Peter: Also, you are seeing regulation that will be enacted and implemented during 2018 and ‘19, which introduces serialisation and digital identities on products. Without this new technology being introduced our product couldn’t really exist, so we are now at the perfect time to take advantage of this technology when it comes into play – it’s almost like the planets aligning.
Q: What’s next for you guys technology wise? And once you ‘conquer the market’ will you move onto another one?
Raja: Technology is moving really fast when it comes to all of this labelling technology, and we can work with them all whether they are QR, RFID, other smart labels, or new environmental sensors. For instance, normally you can only use RFID technology on the more expensive products, because of the cost of producing such chips etc., but now you have printable RFID chips that are coming along, much like printable QR Codes. Also, there are interesting things being done with molecular systems that you can put into the platform – that’s the really interesting stuff – you could end up being able to track each individual pill basically, not just the packet as a whole.
Peter: The use of RFID Chips to monitor the environmental conditions of products for Temperature-sensitive drugs for instance are really interesting as their effectiveness can be reduced if the temperature has been changed too much in the process of transport of a drug.So then you know whether these strict parameters for temperature have been breached.
Shahnawaz: The strategy to the solution of the problem is more important than the technology we are using to achieve this.

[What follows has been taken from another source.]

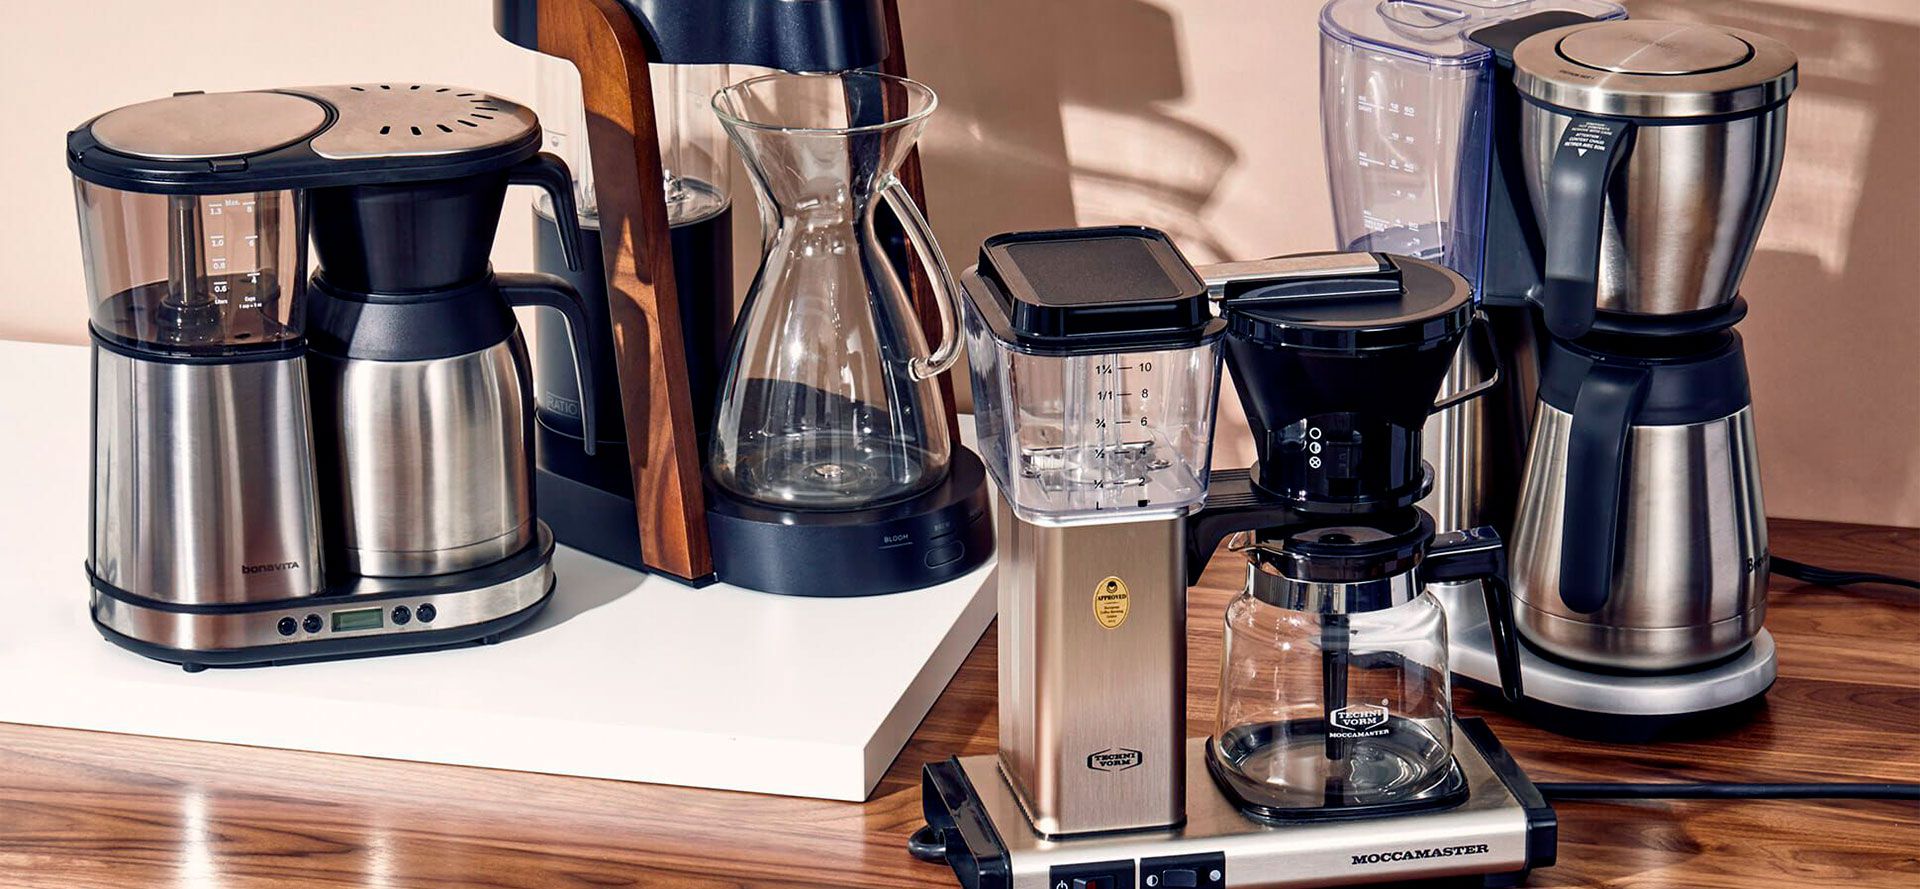 Small Coffee Makers For Home.

The great thing is that we can always change our technology, we can adapt depending on how fast or slow the uptake of this all is. The main thing that we have to focus on is the immutability of blockchain, and how vitally important that is when applying our solution to this particular industry.
Raja: As for other markets? We don’t look anywhere else – only pharmaceuticals. We don’t really want to be getting into the situation where we are trying to be all things to all men. Obviously there is the possibility down the line of trying to be like an Amazon, you know going into the server sector etc. or other stuff but at the moment and next 5 years or so, 1.3tn dollars is something that we can spend a lot of time working with – and remember we are trying to implement a global solution here too. I think that if we choose one to focus on, and that we then do it well, we are far more likely to be successful, because we will end up understanding the challenges and issues that much better, and you know who is involved.